Naukowcy złapali się za głowy. Wyhodowano ludzkie komórki jajowe ze skóry
Technika stosowana w klonowaniu w połączeniu z zapłodnieniem i niewielką ilością środków chemicznych spowodowała, że ludzkie komórki skóry wytworzyły komórki jajowe zdolne do powstania wczesnych embrionów ludzkich.

Świat nauki już od kilku lat próbuje stworzyć funkcjonalne komórki jajowe z komórek dorosłego człowieka. Już wcześniej udało się to w gatunkach zwierząt m.in. pand wielkich. Niemniej w przypadku ludzi pozostawało to nieosiągalnym wyczynem. Aż do teraz.
Zespół badaczy z Uniwersytetu w Portland w Stanach Zjednoczonych oraz Uniwersytetu Cha w Korei Południowej po raz pierwszy stworzył aktywne ludzkie komórki jajowe z komórek znajdujących się w naszej skórze. Ich technologia może pomóc w leczeniu niepłodności u kobiet, które nie mają już komórek jajowych z powodu wieku, wczesnej menopauzy lub wcześniejszych terapii przeciwnowotworowych.
Jak stworzono komórki jajowe z komórek skóry? Wykorzystano klonowanie
Naukowcy wyniki swoich badań opublikowali na łamach czasopisma Nature Communications. Usunęli jądro z ludzkiej komórki jajowej i zastąpili je jądrem komórki skóry zwanej fibroblastem. Ten etap, zwany somatycznym transferem jądra komórkowego, jest tym samym, który zastosowano podczas klonowania owcy Dolly.
Celem tego procesu było stworzenie komórki jajowej, która ma 23 chromosomy. To o połowę mniej chromosomów niż w większości innych komórek w organizmie, które zawierają zestaw chromosomów odziedziczonych po matce i od ojca. Komórki, z których powstają komórki jajowe i plemniki, przechodzą proces podziału komórkowego zwanego mejozą, który zmniejsza o połowę liczbę chromosomów. W tym procesie każdy chromosom łączy się w parę z odpowiednikiem od drugiego rodzica i wymienia część DNA. Następnie komórka dzieli się, przenosząc połowę każdej pary do komórek potomnych. Kiedy komórki jajowe i plemniki łączą się, tworzą zygotę z 46 chromosomami, która dzieli się i tworzy wszystkie komórki w organizmie.
Pierwszy taki sukces naukowy...
Badacze do swoich badań wykorzystali myszy. Sklonowali w nich komórkę jajową, która miała już 46 chromosomów. Po jej zapłodnieniu i dodaniu środka chemicznego w postaci cząsteczki zwanej roskowityną komórka pozbyła się połowy swoich chromosomów, tworząc zarodek z ich prawidłową liczbą.
Sukcesem w badaniach było stworzenie z niektórych zapłodnionych komórek jajowych wczesnych ludzkich embrionów. To pokazało, że ta technika jest faktycznie skuteczna. Niemniej dalej nie może przejść do procesu testów klinicznych.

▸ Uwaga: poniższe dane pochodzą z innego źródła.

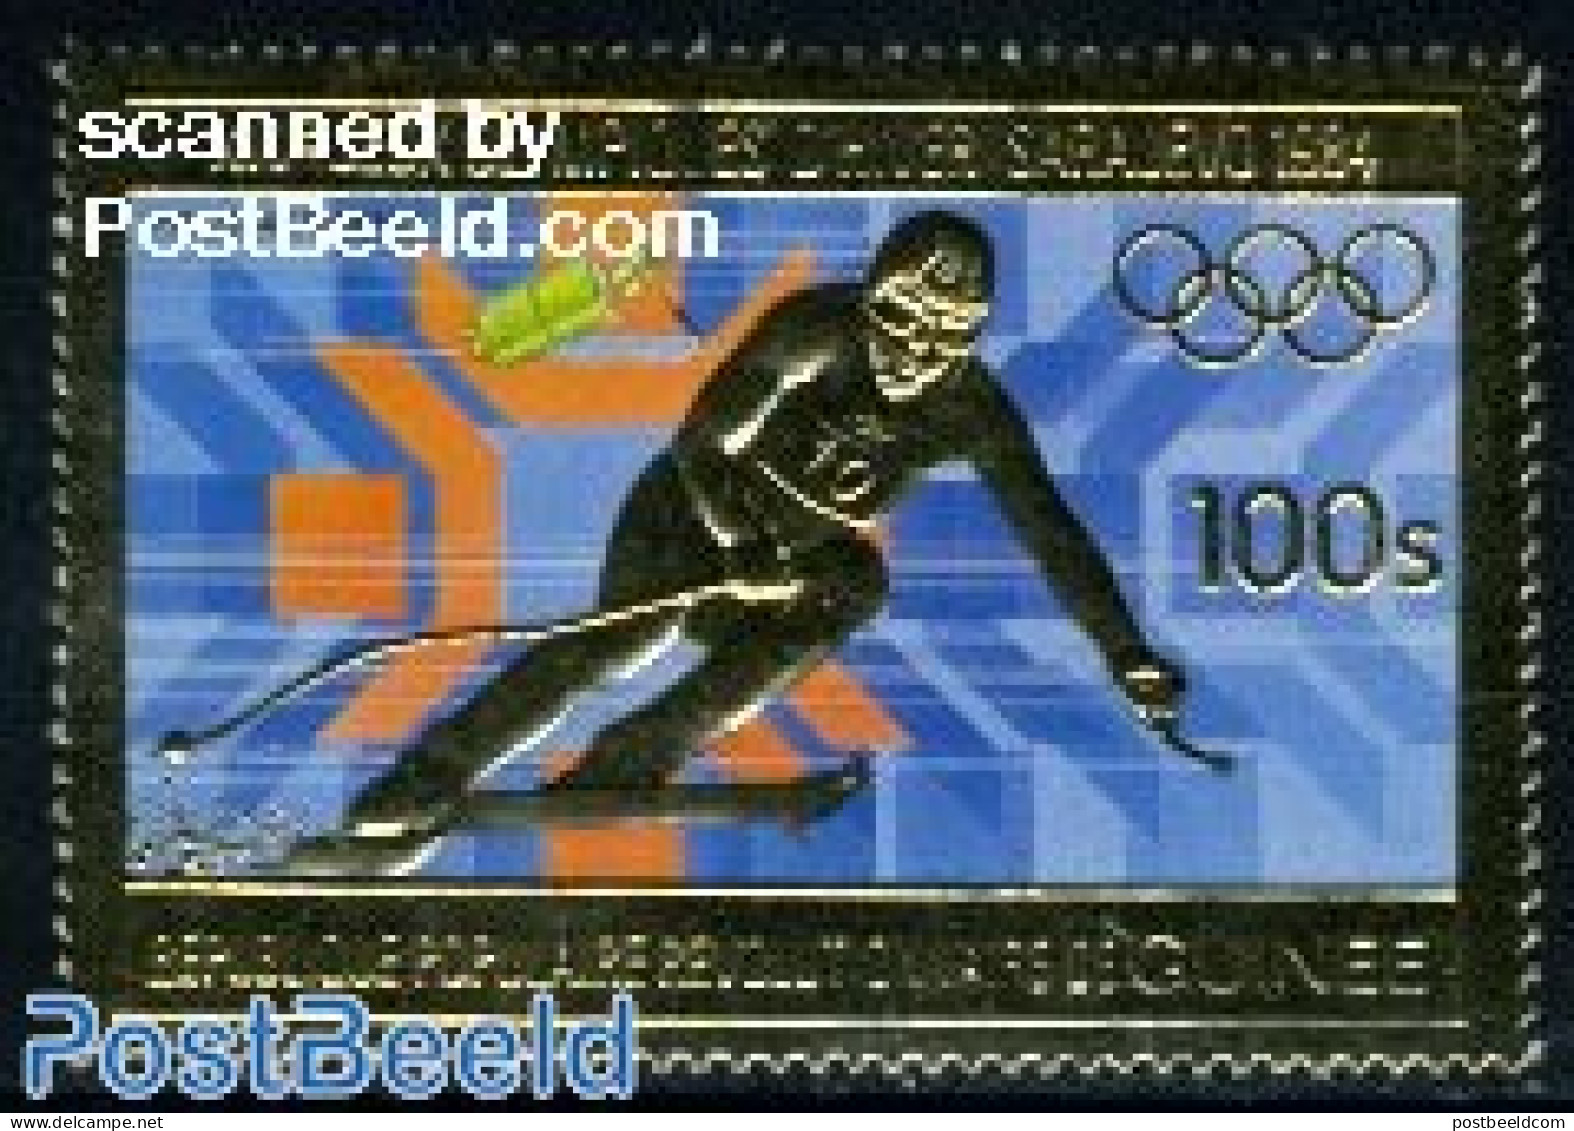 Guinea, Republic 1983 Olympic Winter Games 1v, Gold, Mint NH, Sport - Transport - Olympic Winter Games - Skiing - Spac.. - Skiing

...i pierwsze duże wyzwania
Ostatecznie część z zapłodnionych komórek jajowych nie dało wczesnych embrionów ludzkich. Natomiast te, które dały, nie mogły rozwinąć się poza stadium blastocysty, rosnąc przez około sześć dni. Wiele z nich przestało się rozwijać na wcześniejszych etapach.
Żadne z embrionów nie miało prawidłowego zestawu chromosomów, więc ostatecznie nie były one zdolne do życia. Na przykład jeden zarodek miał 48 chromosomów. Przejął wszystkie 23 chromosomy pochodzące z plemnika i mieszankę 25 chromosomów pochodzących z komórki skóry. Jednak celem naukowców nie było stworzenie w pełni funkcjonalnych ludzkich embrionów, a udowodnienie, że ich technika ma szansę powodzenia.
10 lat oczekiwania na testy
Wyniki pracy napawają autorów badań optymizmem. Chcą kontynuować prace, obierając sobie za cel poprawne podziały chromosomów w powstających embrionach. Niemniej nawet według najbardziej pozytywnych szacunków, potrzeba co najmniej 10 lat, aby ta technika wytwarzania komórek jajowych przeszła do testów klinicznych.
Należy przy tym pamiętać, że tego typu testy prawdopodobnie nie będą możliwe np. w Europie czy w Stanach Zjednoczonych, gdzie zakazana jest genetyczna modyfikacja ludzkich embrionów.